#### TASK STATEMENT
An exact reproduction of the data below is expected, free of images.

#### PROVIDED MATERIAL
========================

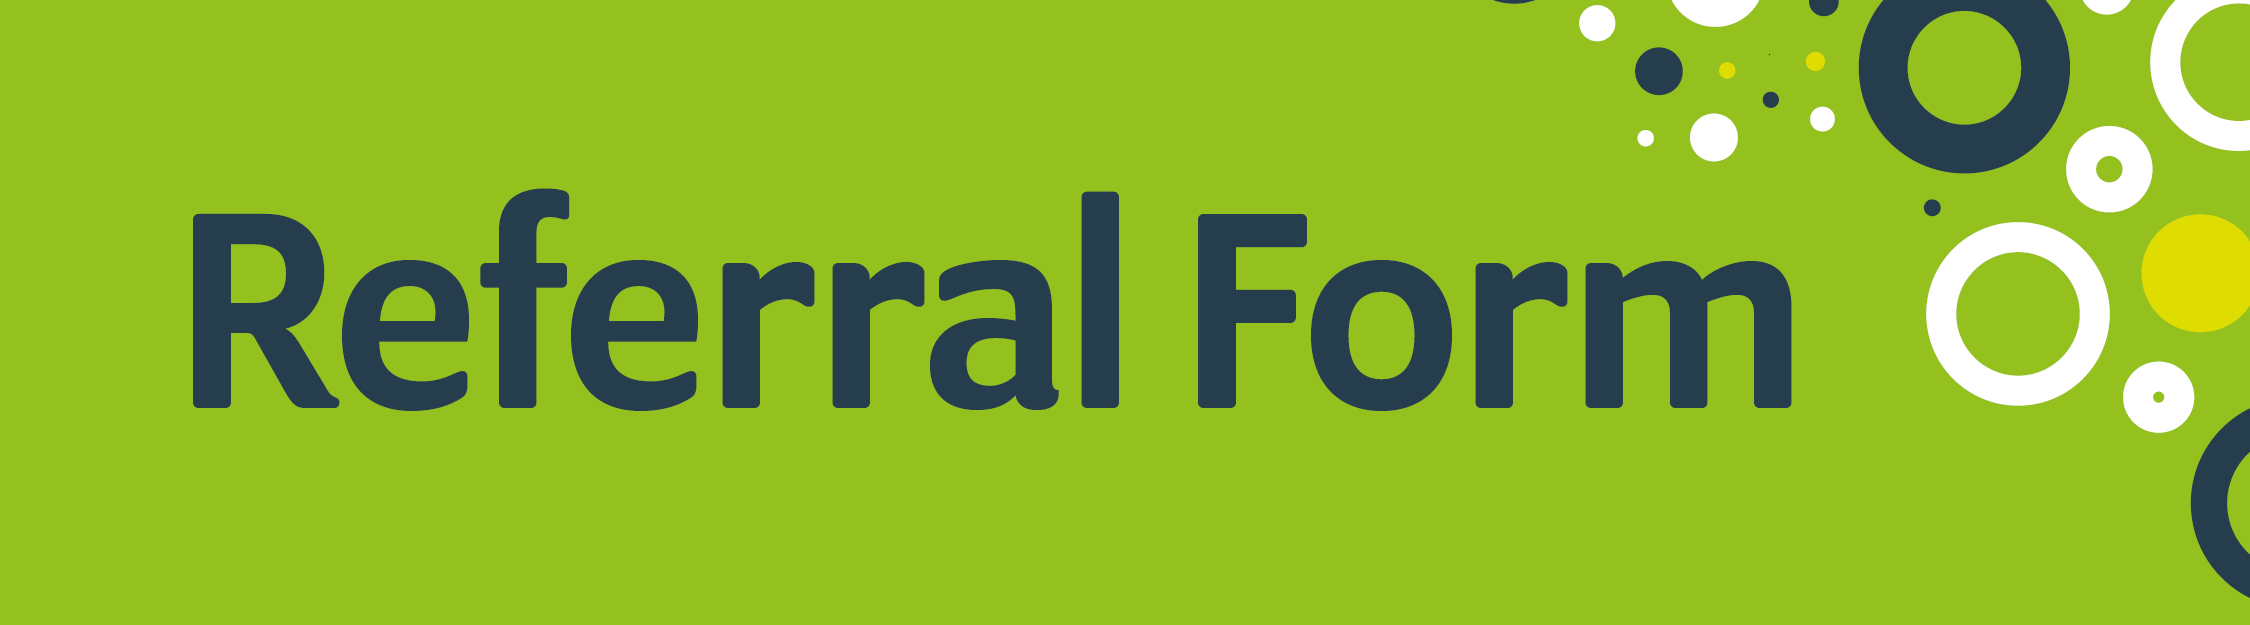 Referral Form button
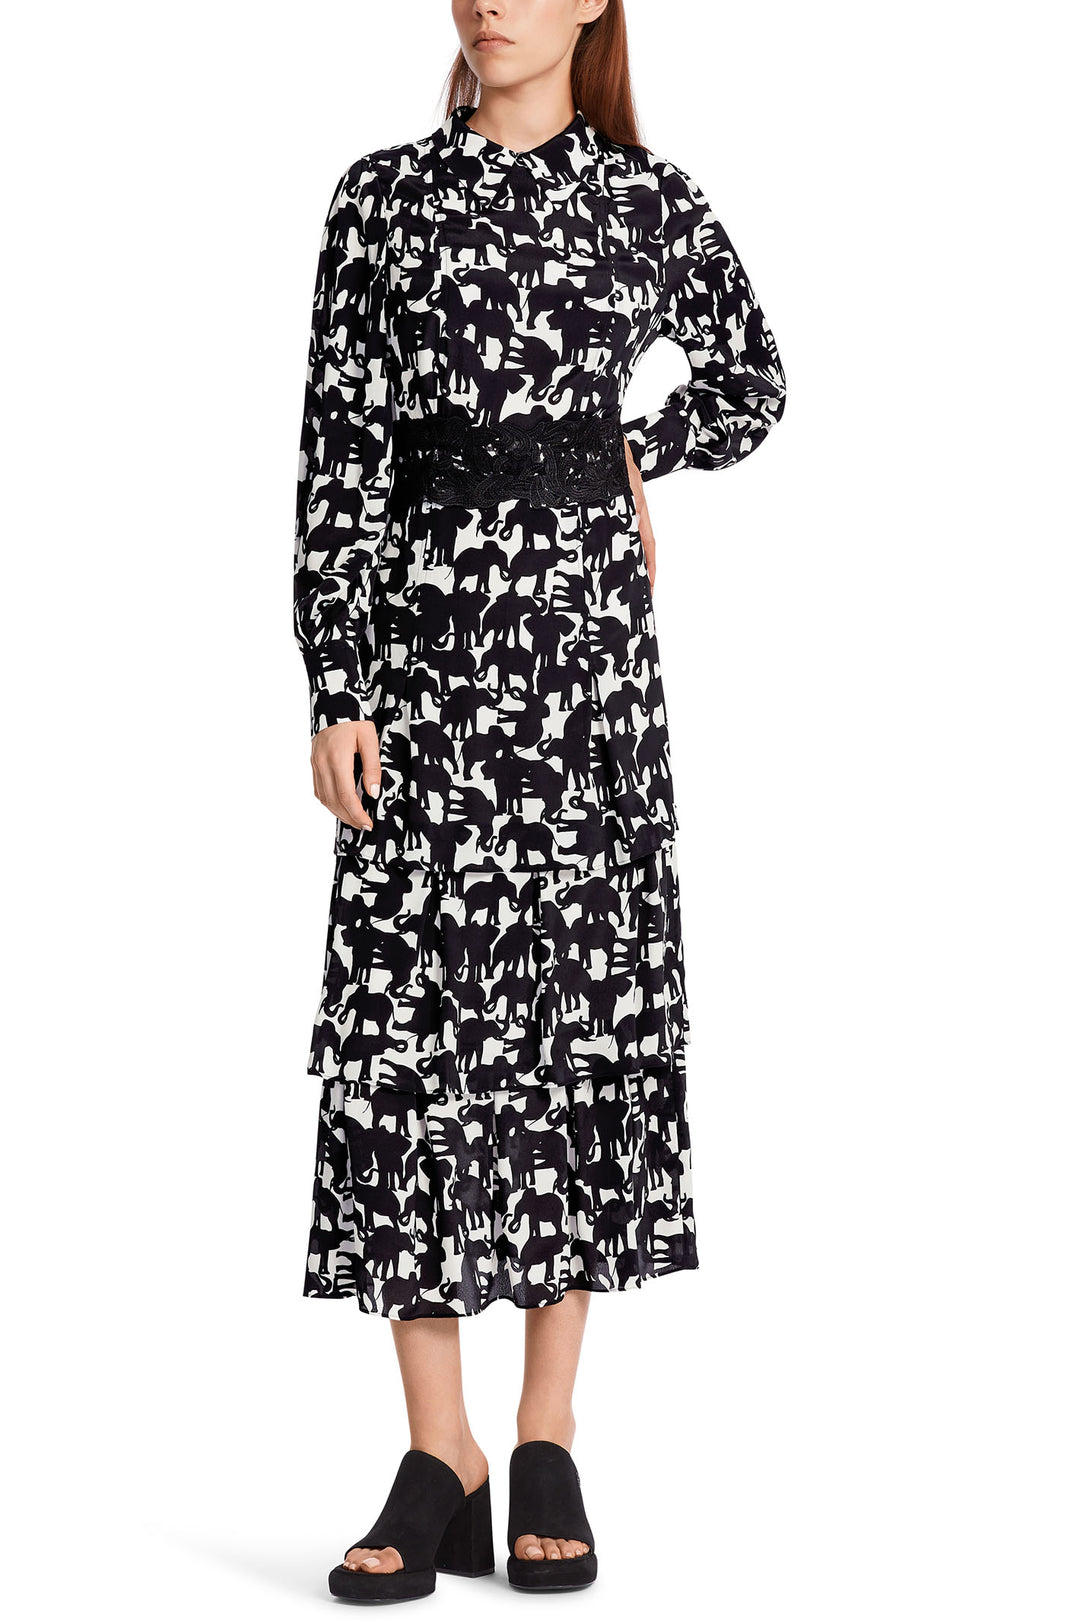 Marc Cain Collection WC 21.18 W12 910 Black White Elephant Print Dress - Olivia Grace Fashion
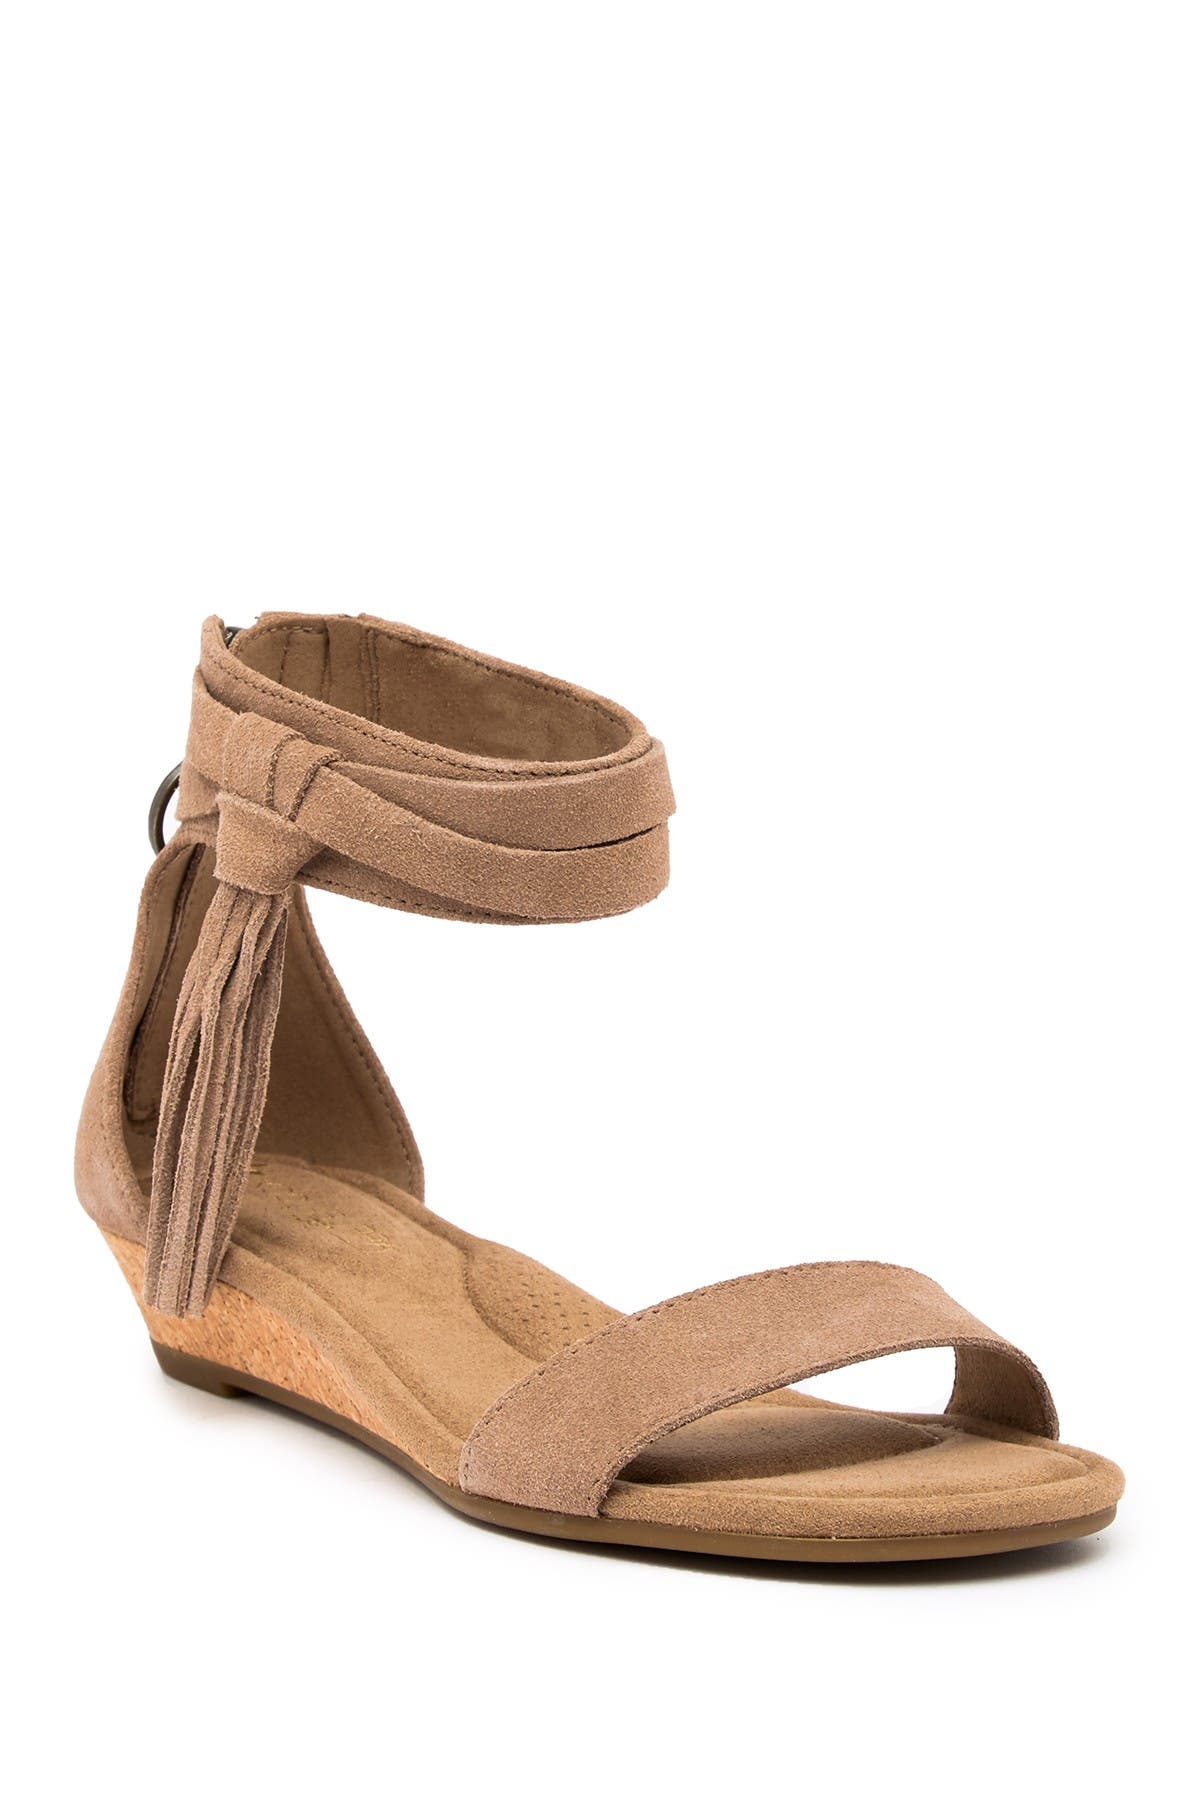 koolaburra fringe sandals
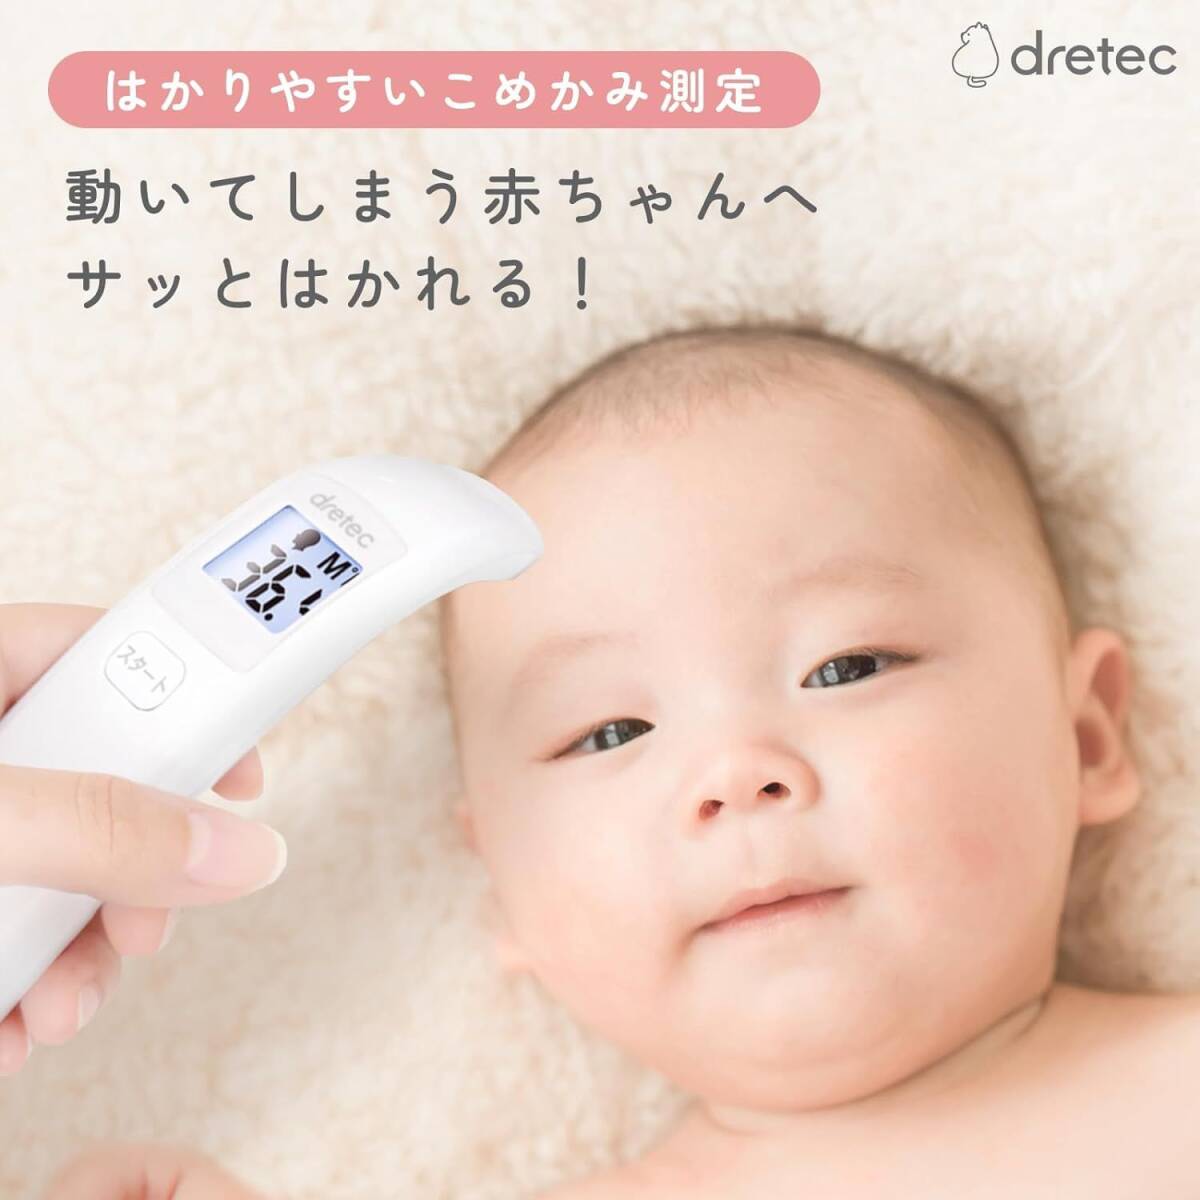 dretec(ドリテック) 非接触体温計 医療機器認証取得 日本メーカー 体温計 赤ちゃん 非接触 1秒測定・ 使用環境温度10〜40℃ TO-401_画像8

========================

#### SOLUTION TO THIS TASK
 Referral Form button
 Marc Cain Collection WC 21.18 W12 910 Black White Elephant Print Dress - Olivia Grace Fashion
 koolaburra fringe sandals
 dretec(ドリテック) 非接触体温計 医療機器認証取得 日本メーカー 体温計 赤ちゃん 非接触 1秒測定・ 使用環境温度10〜40℃ TO-401_画像8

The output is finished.